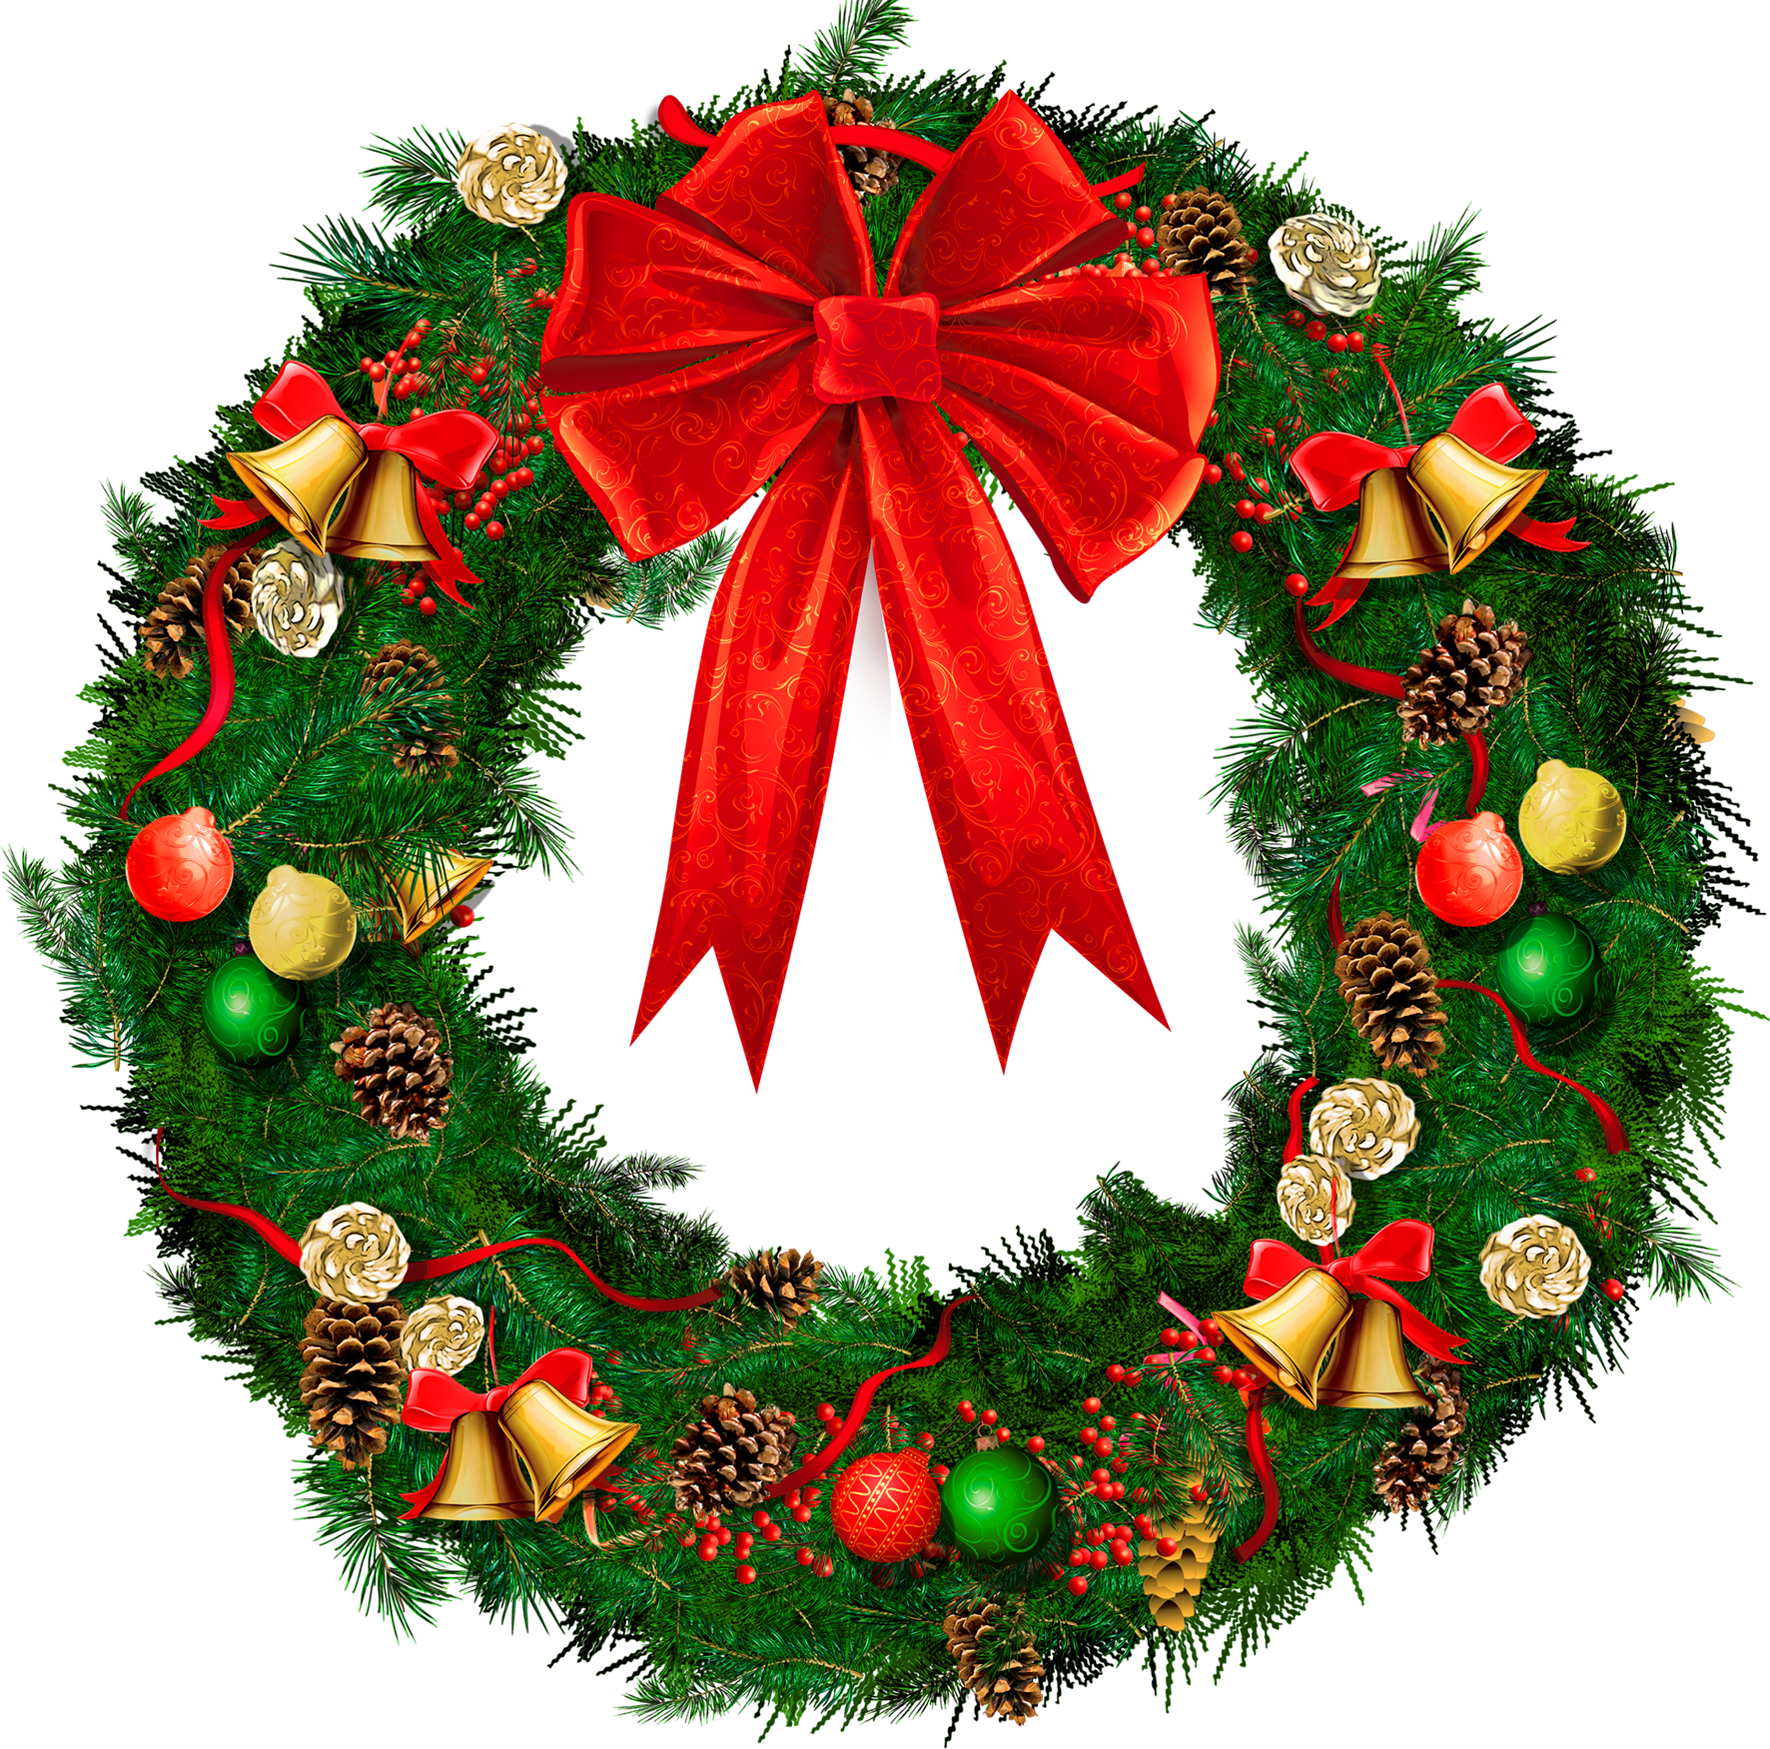 Christmas Wreath Pictures Clip Art - ClipArt Best
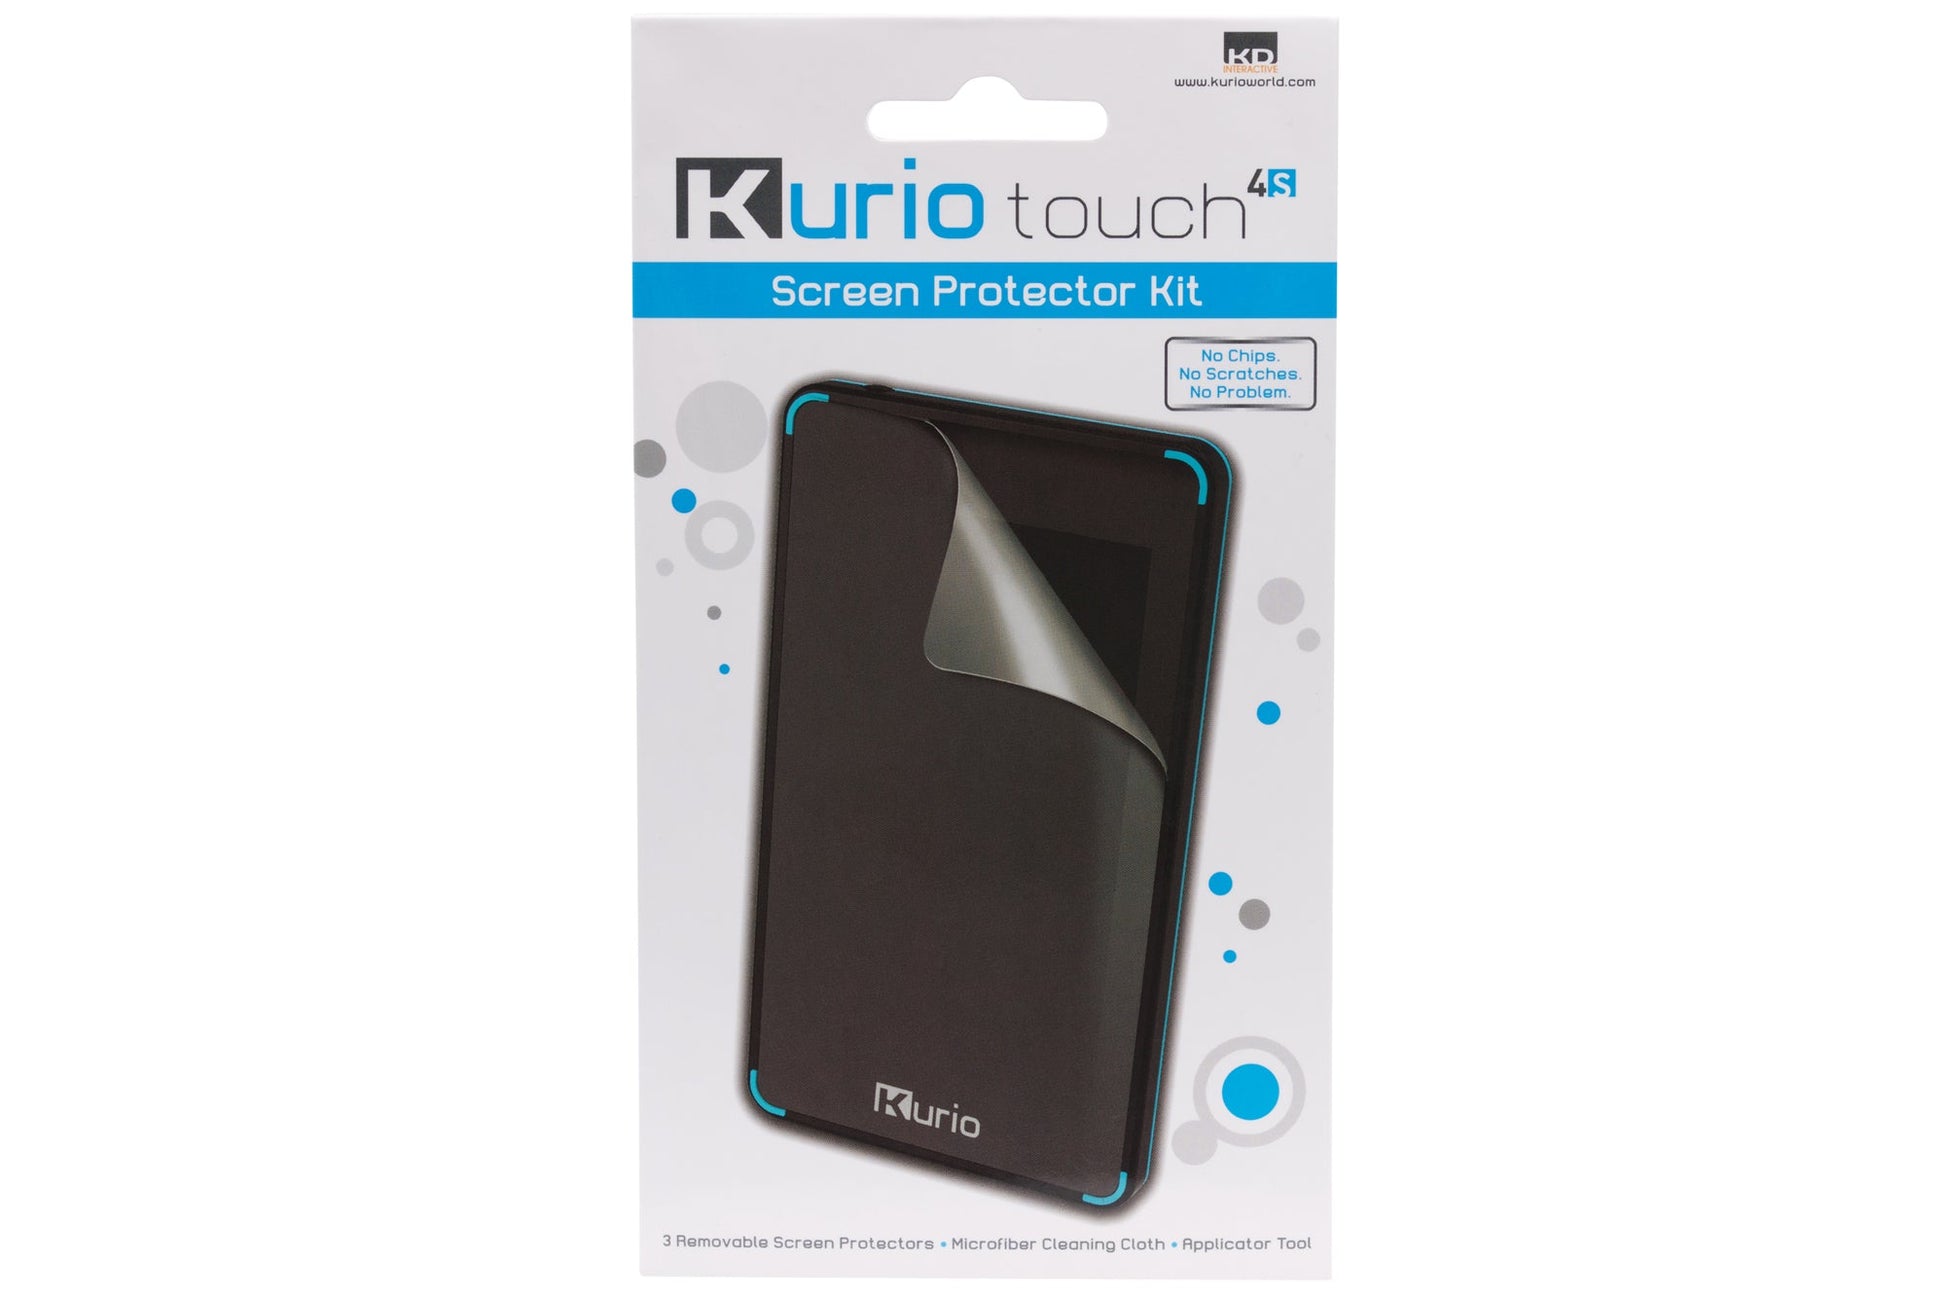 Kurio Screen Protector Kit for Kurio 4S and Kurio 4" Pocket Tablet - maplin.co.uk
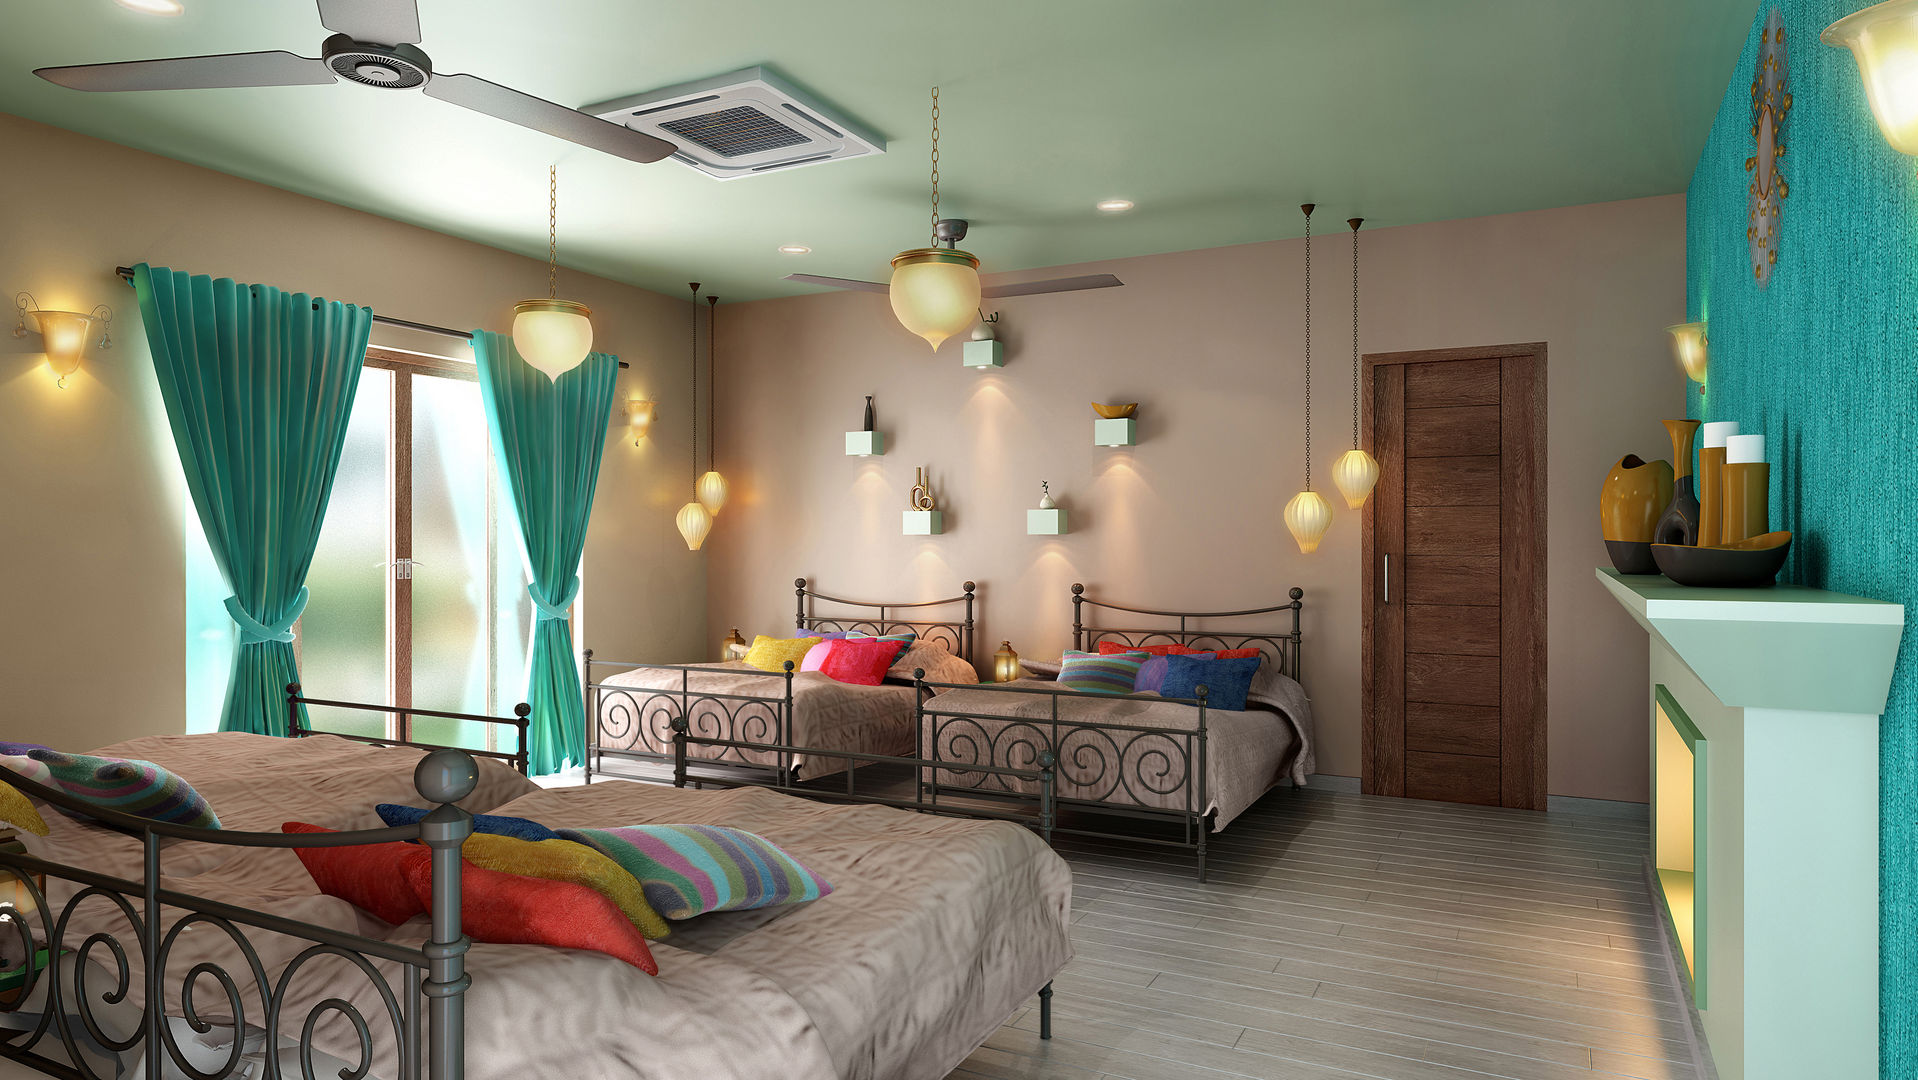 Mr. Ramesh Residence at Neyveli, Dwellion Dwellion Dormitorios modernos: Ideas, imágenes y decoración

=====

[Problem requirements] Make an exact copy of the data, leaving its pictures out.

[Task solution]
 Christmas Wreath Pictures Clip Art - ClipArt Best
 Kurio Screen Protector Kit for Kurio 4S and Kurio 4" Pocket Tablet - maplin.co.uk
 Mr. Ramesh Residence at Neyveli, Dwellion Dwellion Dormitorios modernos: Ideas, imágenes y decoración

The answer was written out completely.